The prediction model highlights several important features of particulate matter concentrations in Delhi. Our predictions for PM_2.5 concentrations showed high average levels across all years along with a temporal increase from 2010 to 2015 (except in few regions) followed by a sharp increase during 2016. The annual average predicted concentrations in the state was greater than 100 μg/m³ during the entire study period, highlighting the dire situation in the National Capital Region. The predictions also show a clear impact of the crop residue burning with increasing monthly average concentrations during October and November irrespective of the geographical location.

The high spatial variability in this small area is also notable since there is a geographical disparity in annual average concentrations putting the densely populated regions, such as East Delhi, Central Delhi and Northeast Delhi at increased risk from exposure to elevated levels of PM_2.5, than regions such as North Delhi and South Delhi (Fig. 4B). We also observed the comparatively lower annual levels in the New Delhi region which might be attributed to higher vegetation cover compared to neighboring regions. The difference in annual average concentrations between the most polluted and least polluted regions ranged from 10.4 μg/m³ (in 2014) to 22.5 μg/m³ (in 2012), along with high average concentrations. This gradient in exposure would be relevant for making inferences on the dose response relationships comparing populations in these different regions.

To further investigate the features that differentiate regions with high and low ambient air pollution, we compared the grids with top and bottom deciles of the seasonal average concentrations within each year, using random forest classifiers (Fig. 4D). We observed the meteorological variables such as temperature, wind speed, relative humidity and total precipitation as being important discriminators irrespective of season and year. Among land use features, population density in 2010, change in population density from 2010 to 2015, vegetation index and distance from power plants and solid dumps are identified as important features across almost the entire period, which indicates the heavier burden of air pollution on densely populated regions close to industrial areas and garbage dumps, with lower vegetation cover. On the other hand, the percentage of builtup area determines the pollution gap mostly in the summer and monsoon seasons while length of roads is detected in fall, which may indicate the effects of local sources of pollution such as traffic or construction activities are prominent sources specific to season.

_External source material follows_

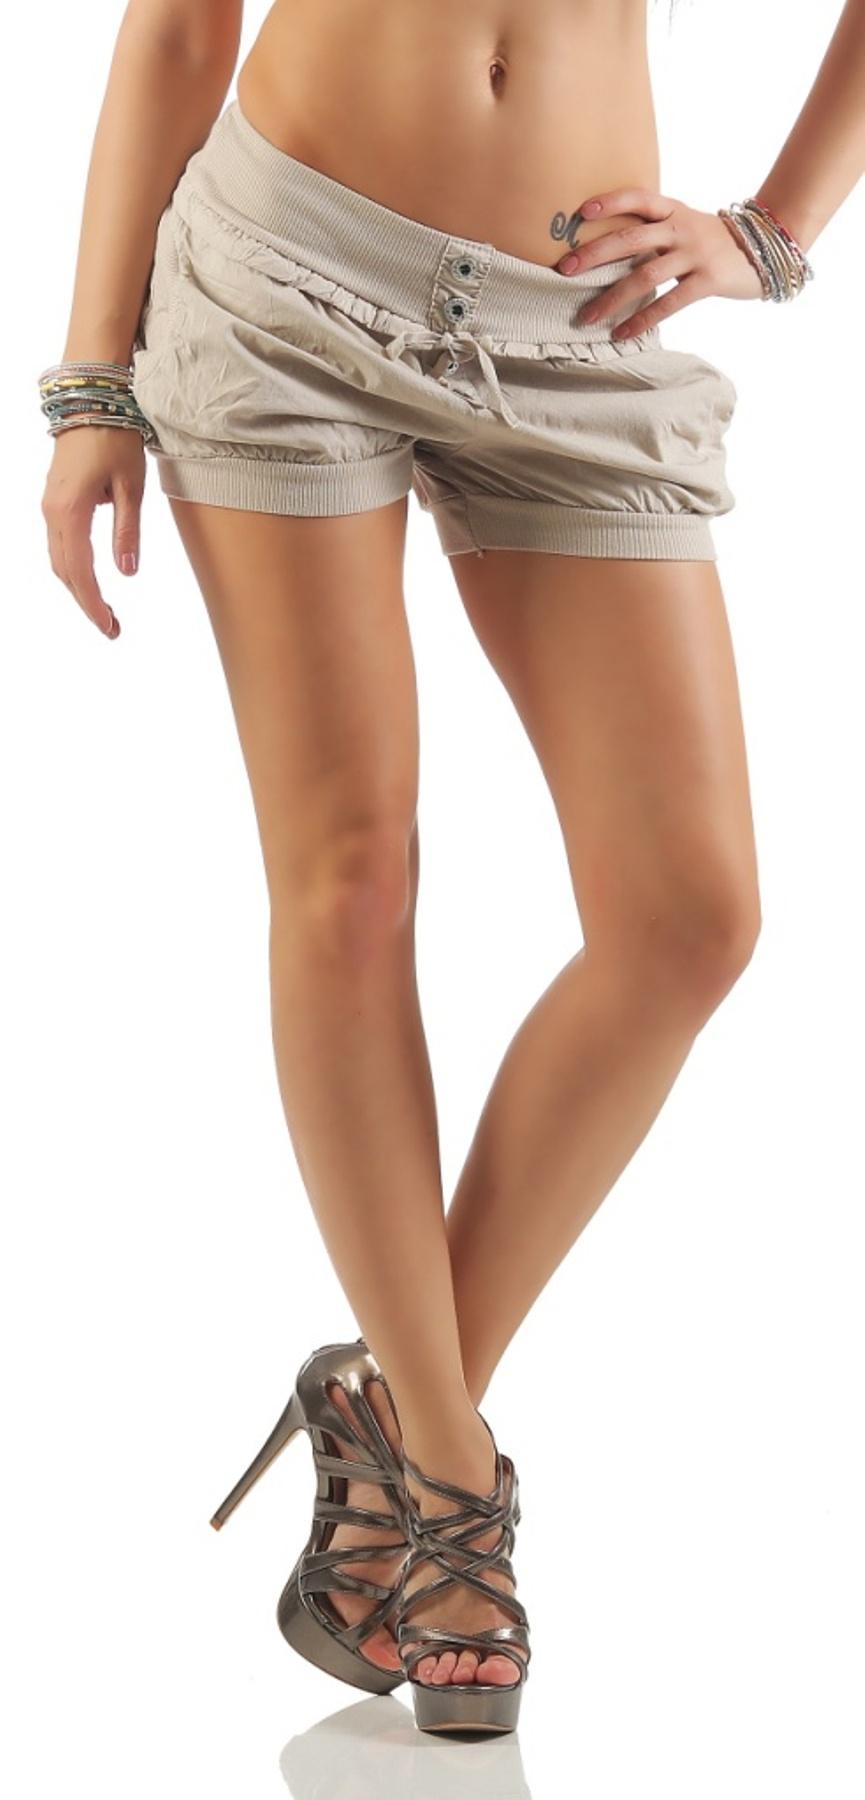 mississhop damen hot pants sommer chino cargo shorts kurze hose hotpants short ebay. Black Bedroom Furniture Sets. Home Design Ideas

In terms of the methodologies used in the ensemble averaging approach, we observed that the predictive algorithms outperformed the generalized additive model and the elastic net procedure. This can be attributed to the ability of predictive algorithms to account for more complex interactions and non-linearity in the relationship with large number of predictors. Among machine learning algorithms, tree based models such as random forests and extreme gradient boosting outperformed other types of algorithms. Spatial R² was high across all years for the ensemble averaged model, while temporal R² showed a nonlinear pattern, with poor performance in the middle period. This could be attributed to higher between and within stations variability in 2012 and 2013. A high spatial R² is particularly important in order to understand the impact of air pollution on spatially resolved health outcomes data. We also compared the performance of ensemble averaged predictions (based on six learners) to an ensemble using only the top two performers (random forests and extreme gradient boosting). We observed a marginal yet consistent increase in prediction accuracy while using the full ensemble, with larger differences in fall and winter of 2013 and 2014 (Supplemental Material, Table S6), which might indicate the need for multiple algorithms in situations with high variablity. Also we evaluated our model performance by fitting a penalized spline between the observed and predicted concentrations within each year. We observed that linearity holds across all levels of ambient concentrations (Supplemental Material, Fig. S3) except in 2014 and 2015 when the linearity fails to hold at observed concentrations beyond 200 μg/m³ and 300 μg/m³ respectively. In comparisons of cross validated R² in days with average concentrations below and above 100, we observed better performance in days with higher concentrations, which might be caused due to the large number of such days during the year (Supplemental Material, Table S4 and S5). Given that the majority of population in Delhi is exposed to high average annual concentrations, it is important that the model performs well at high concentrations.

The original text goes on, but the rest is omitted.